TEMPO.CO, Jakarta - Ketua Komisi Agama DPR Saleh Partaonan Daulay meminta Kementerian Agama menyusun kurikulum khusus sebagai upaya menangkal gerakan radikal sebagai bagian dari upaya deradikalisasi. Kurikulum ini bisa diterapkan pada jaringan pendidikan madrasah ataupun pondok pesantren yang dimiliki Kementerian Agama dan Kantor Urusan Agama.
Kurikulum itu nantinya bisa diajarkan oleh tenaga pendidik ataupun dosen-dosen perguruan tinggi keagamaan. Para tenaga pendidik di lembaga-lembaga pendidikan tersebut, menurut Saleh, seharusnya bisa diajak bersama-sama mengajarkan praktek pelaksanaan agama yang damai dan toleran.
Kementerian Agama dianggap mampu menampilkan pandangan keagamaan yang lebih mudah dipahami masyarakat. Apalagi Kementerian Agama dengan jaringan yang cukup luas mampu menjadi leading sector dalam pendidikan untuk mencegah generasi muda terlibat aksi radikal.
Dalam menanggulangi terorisme, Kementerian Agama bisa melibatkan ormas-ormas dan tokoh-tokoh masyarakat. "Sayang sekali kalau potensi itu tidak dimanfaatkan," ujarnya dalam keterangan tertulis di Jakarta, Senin, 18 Januari 2016. "Kalau ada koordinasi dengan BNPT dan kepolisian, program yang ada sangat bisa bersinergi dan saling melengkapi."

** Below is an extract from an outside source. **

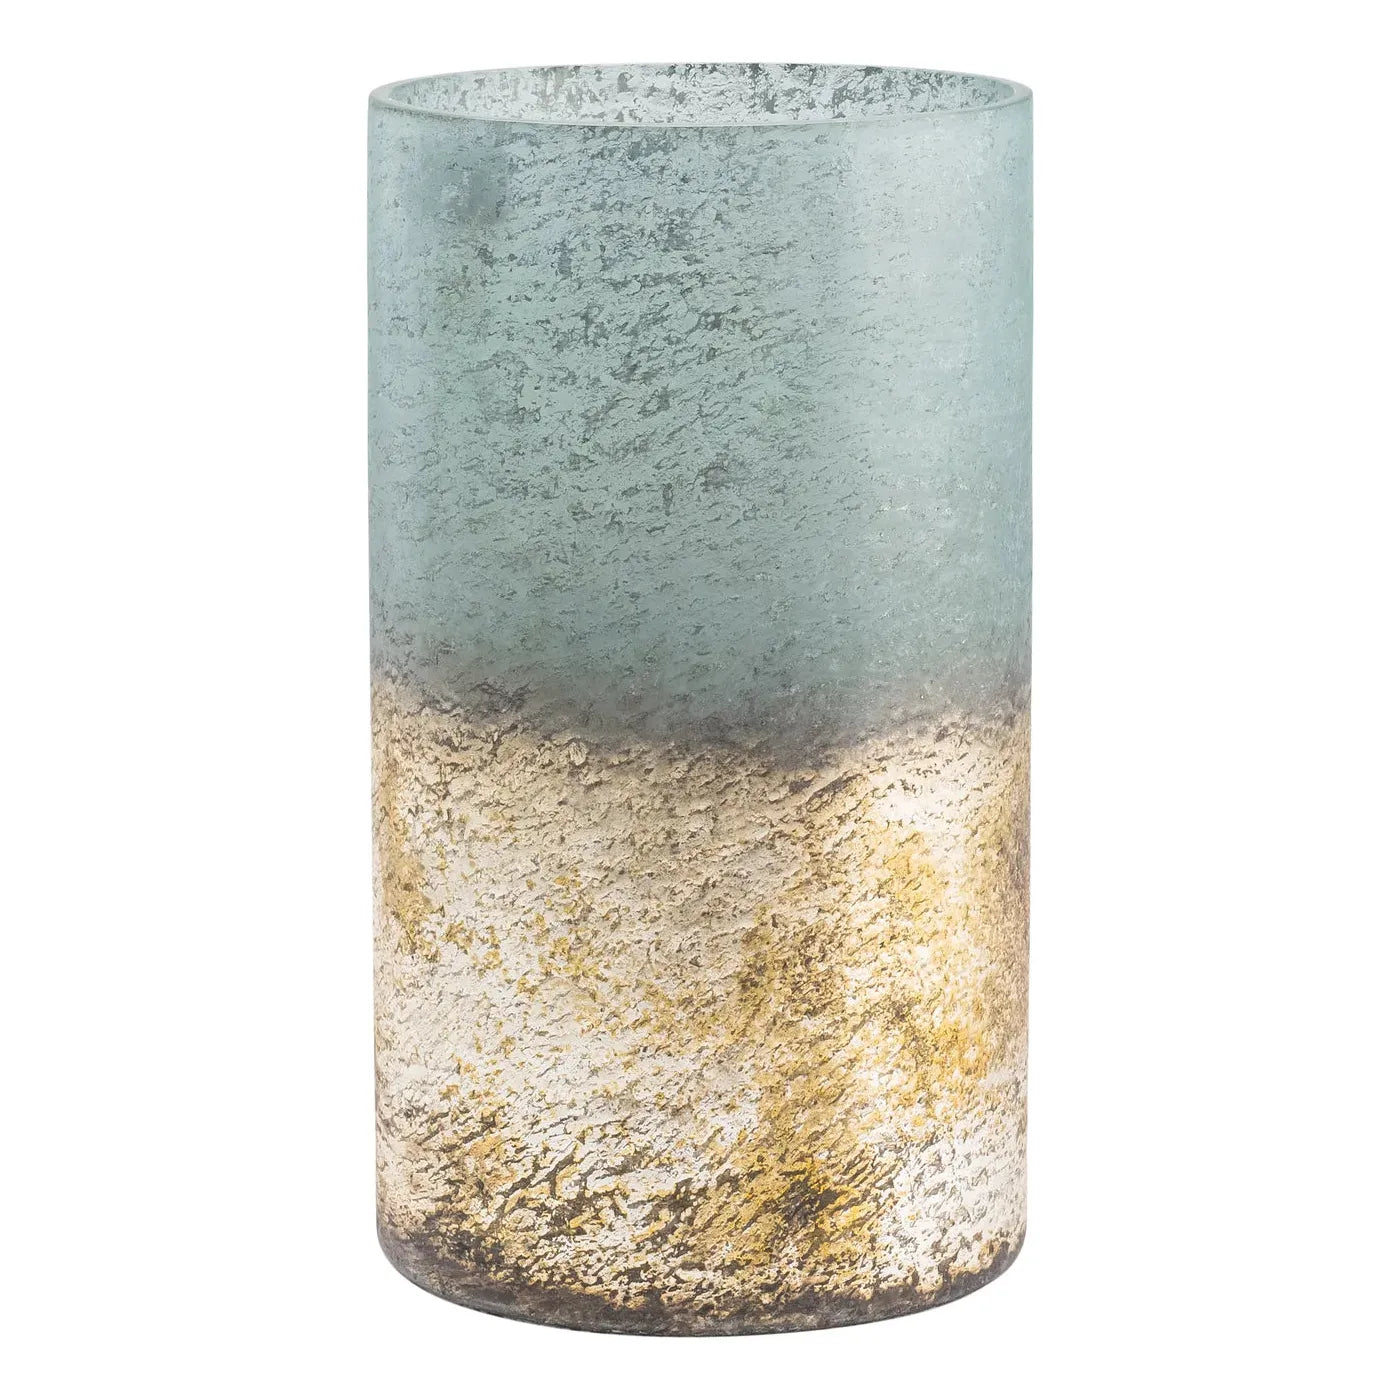 A cylindrical tall vase with a textured gradient design. The top half is a weathered teal color, transitioning into a gold-speckled lower half, which fades into a darker brown at the base. The vase has a rough, rustic appearance with a sophisticated blend of colors, perfect as the Cambridge Hurricane Cylinder.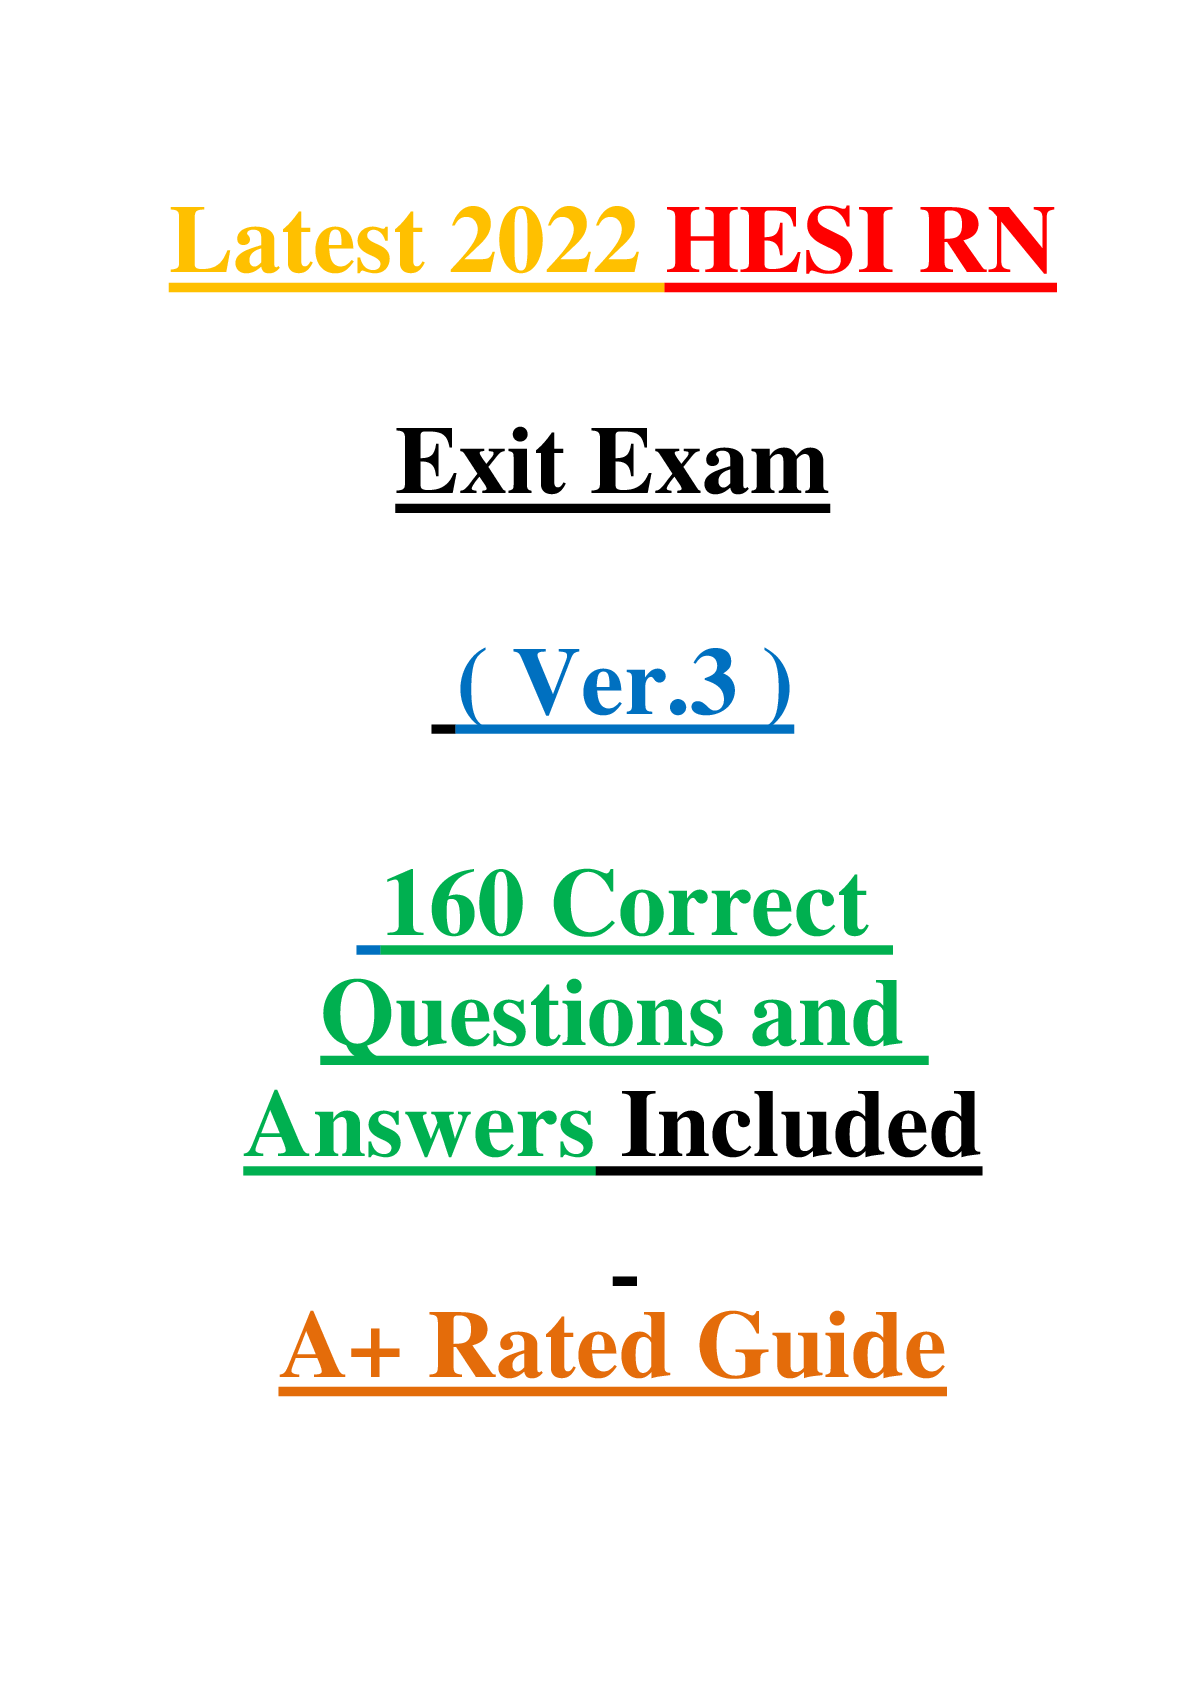 Latest 2022 HESI RN Exit Exam ( Ver.3 ) 160 Correct Questions and

Saleh menyikapi munculnya kembali teror yang pekan lalu terjadi di sekitar Sarinah, Thamrin, Jakarta Pusat. Menurut Saleh, Kementerian Agama harus mengambil langkah-langkah koordinatif dengan kementerian dan lembaga lain dalam upaya mengantisipasi penyebaran paham radikalisme di masyarakat.
Menurut Saleh, sejauh ini belum ada peraturan yang mengizinkan Kementerian Agama mendata gerakan keagamaan yang ada di Indonesia. Namun, jika ada yang menyimpang dan membahayakan negara, Kementerian Agama memiliki tanggung jawab ikut serta melindungi kepentingan nasional.